Percakapan dengan Dave mencakup agama, roh, aktivitas "paranormal", metode ilmiah, keterbatasan otak manusia, fisika kuantum, filsafat, dan keterbatasan bahasa. (Catatan singkat: Saya sangat membenci kata-kata “paranormal” dan “supranatural” karena saya percaya segala sesuatu di Alam Semesta ini—atau semua alam semesta jika ada lebih dari satu—adalah normal dan alami.)

Menjadi jelas dengan cepat dalam percakapan bahwa Dave dan saya berada di halaman yang sama dalam hal mengakui bahwa manusia tidak tahu segalanya tentang Semesta dan bahwa segala sesuatunya ditemukan setiap hari. Kami juga membahas—untuk kebahagiaan saya yang masih sarjana—bahwa hanya karena Anda melabeli sesuatu, seperti "hukum gravitasi", itu tidak menjelaskan cara kerjanya atau mengapa itu ada.

Ilmuwan yang Baik Bertanya Mengapa

Dave memulai percakapan kami, dengan mengatakan, “Ada hal-hal yang tidak dapat dijelaskan di Semesta. Seorang ilmuwan yang buruk membuang atau mengabaikan titik data anomali, tetapi seorang ilmuwan yang baik bertanya mengapa.” Dia mengatakan kepada saya bahwa dia secara pribadi selalu tertarik pada hal-hal seperti hantu, kehidupan setelah kematian, dan hal-hal yang tidak diketahui—dan inilah tepatnya yang saya cari!
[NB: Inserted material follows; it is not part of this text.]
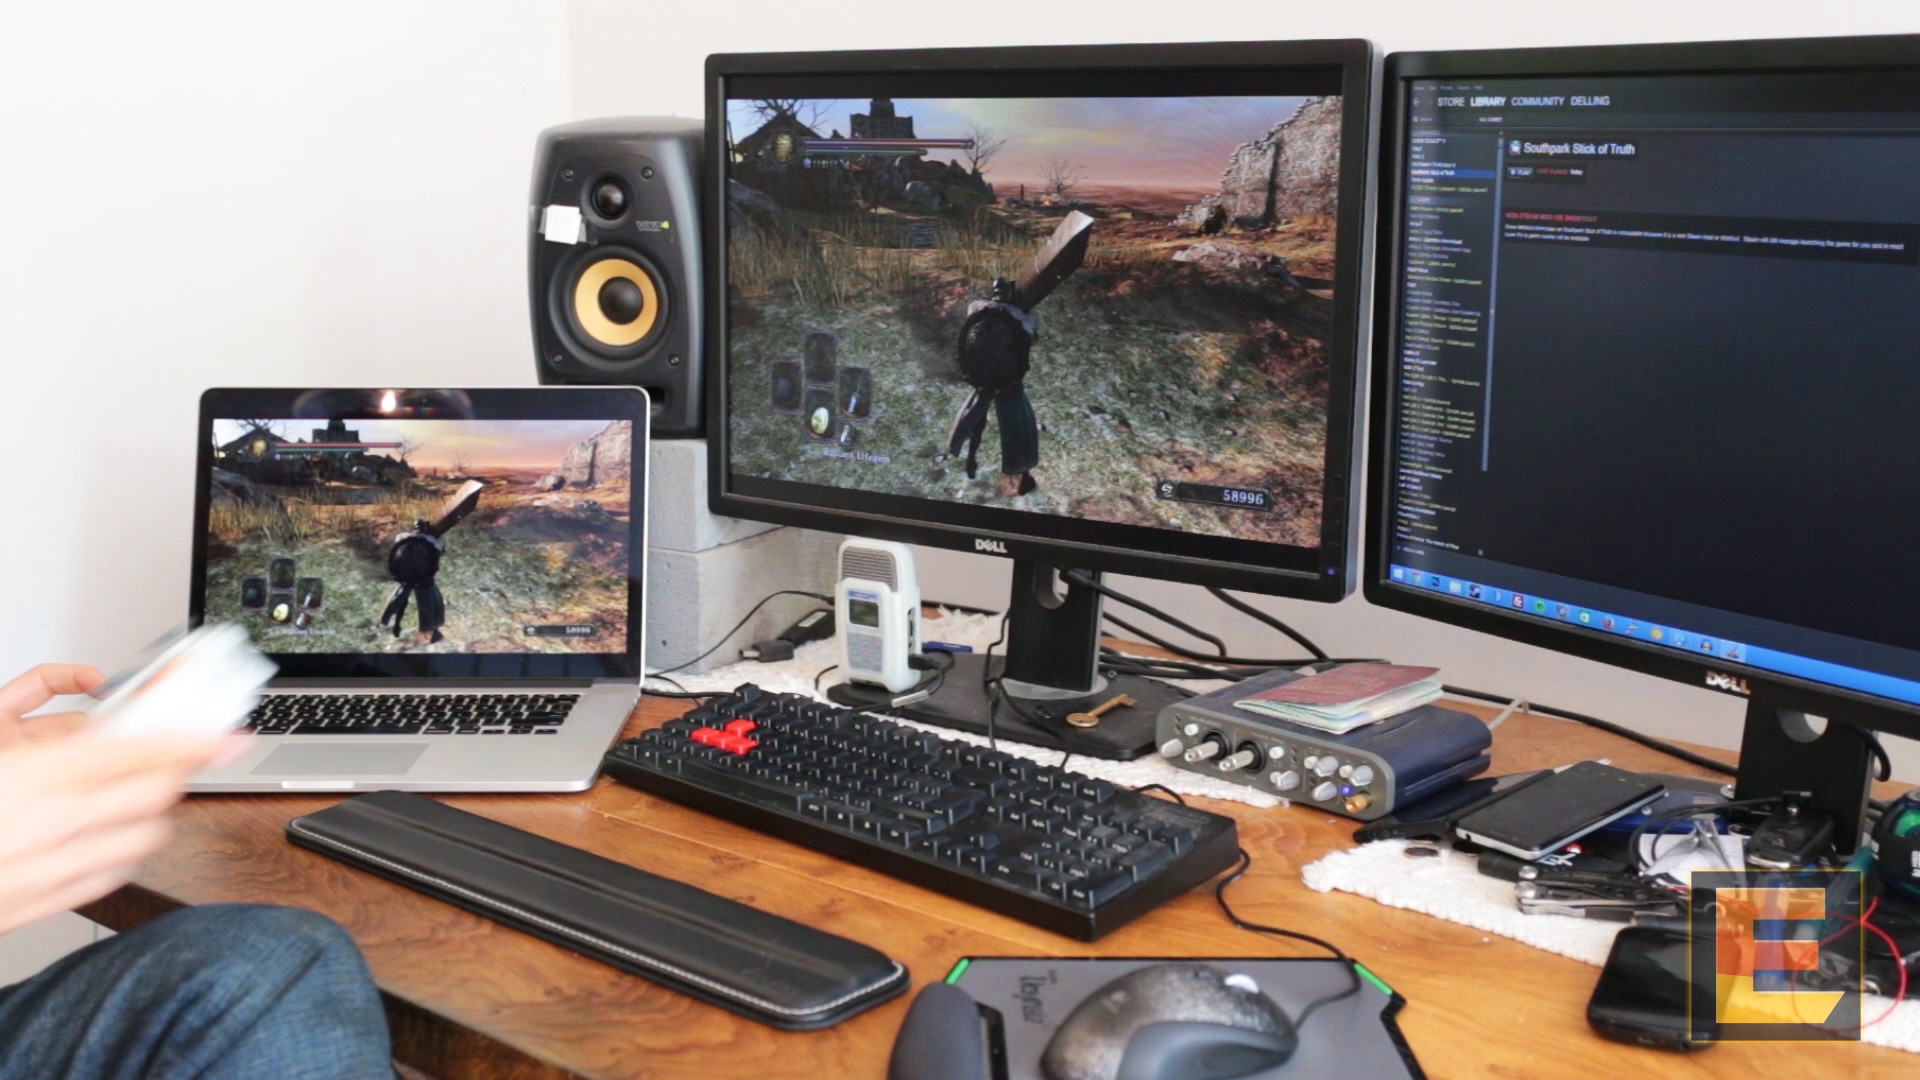 best games for mac on steam 2014
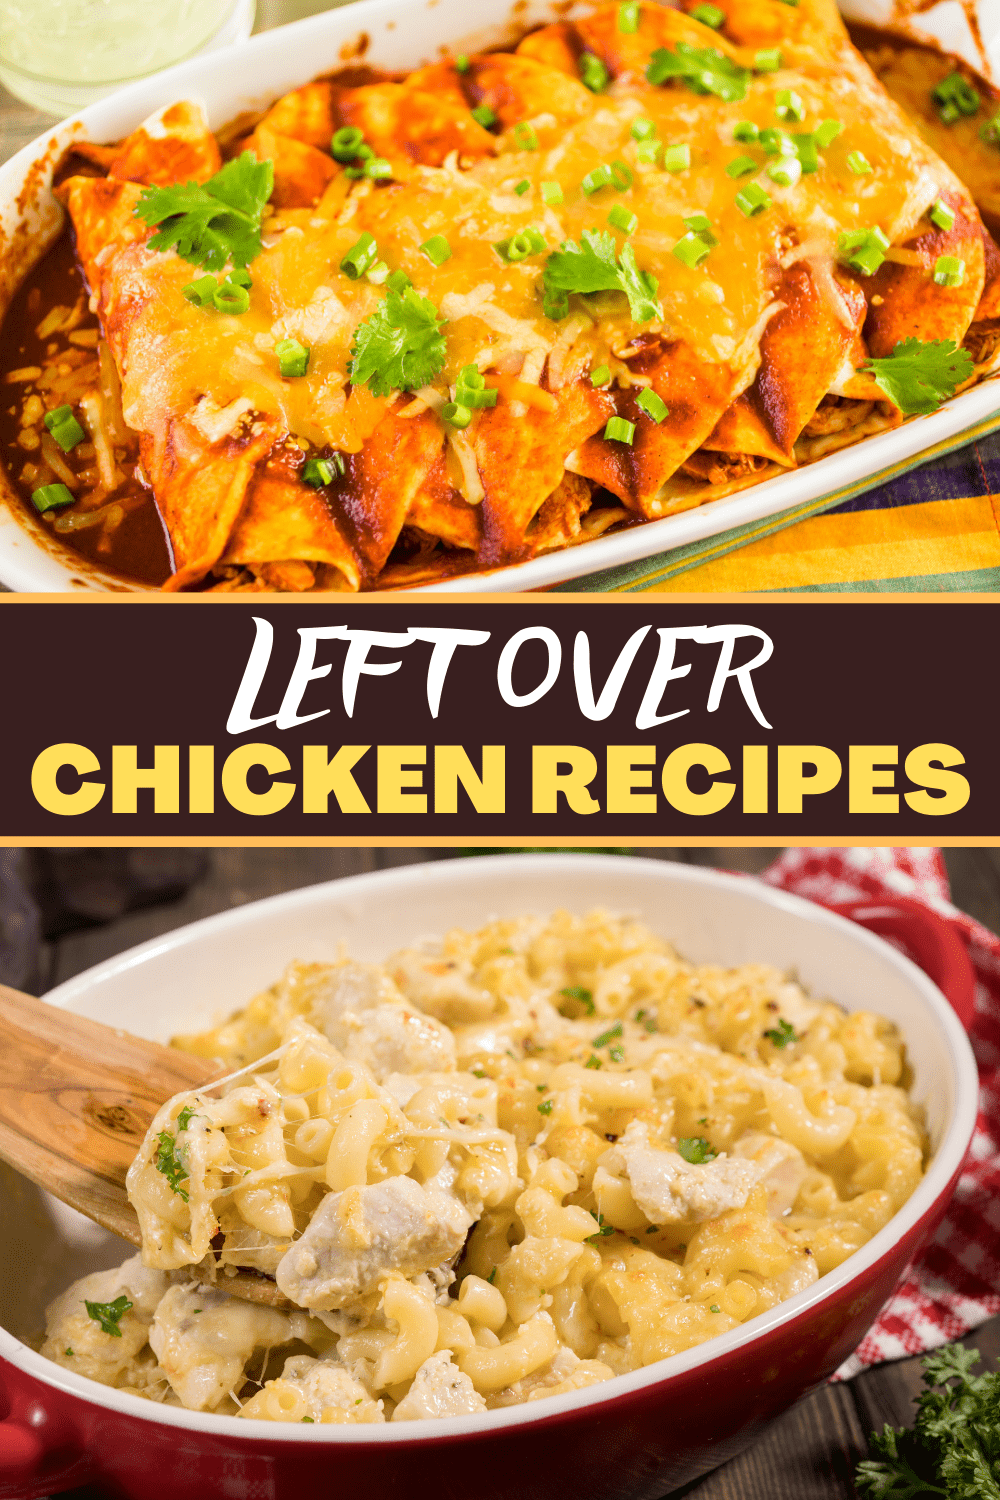 24 Easy Leftover Chicken Recipes Insanely Good

Saya telah mengenal orang ini selama bertahun-tahun dan tidak mengetahui hal ini tentang dia!

Dave mengatakan kepada saya bahwa dia pikir apa yang saya cari adalah peer review dari sebuah fenomena yang saya alami sendiri. Dia benar-benar memakukannya dan saya tidak menyadari, sampai dia mengatakannya, itulah yang saya lakukan.


grafis berlangganan batin


Apa yang saya ambil dari percakapan ini adalah bahwa saya tidak sendirian sebagai ilmuwan dalam mengakui bahwa kita belum memiliki banyak jawaban untuk Semesta dan masih banyak misteri yang harus dieksplorasi. Itu mengingatkan saya bagaimana arti sains bukan untuk menjadi skeptis, tetapi untuk menjadi Buka, ingin tahu, ingin tahu, dan selalu berusaha untuk penjelasan terbaik dari suatu fenomena. Baik Dave dan saya setuju bahwa sains arus utama tidak lain adalah itu.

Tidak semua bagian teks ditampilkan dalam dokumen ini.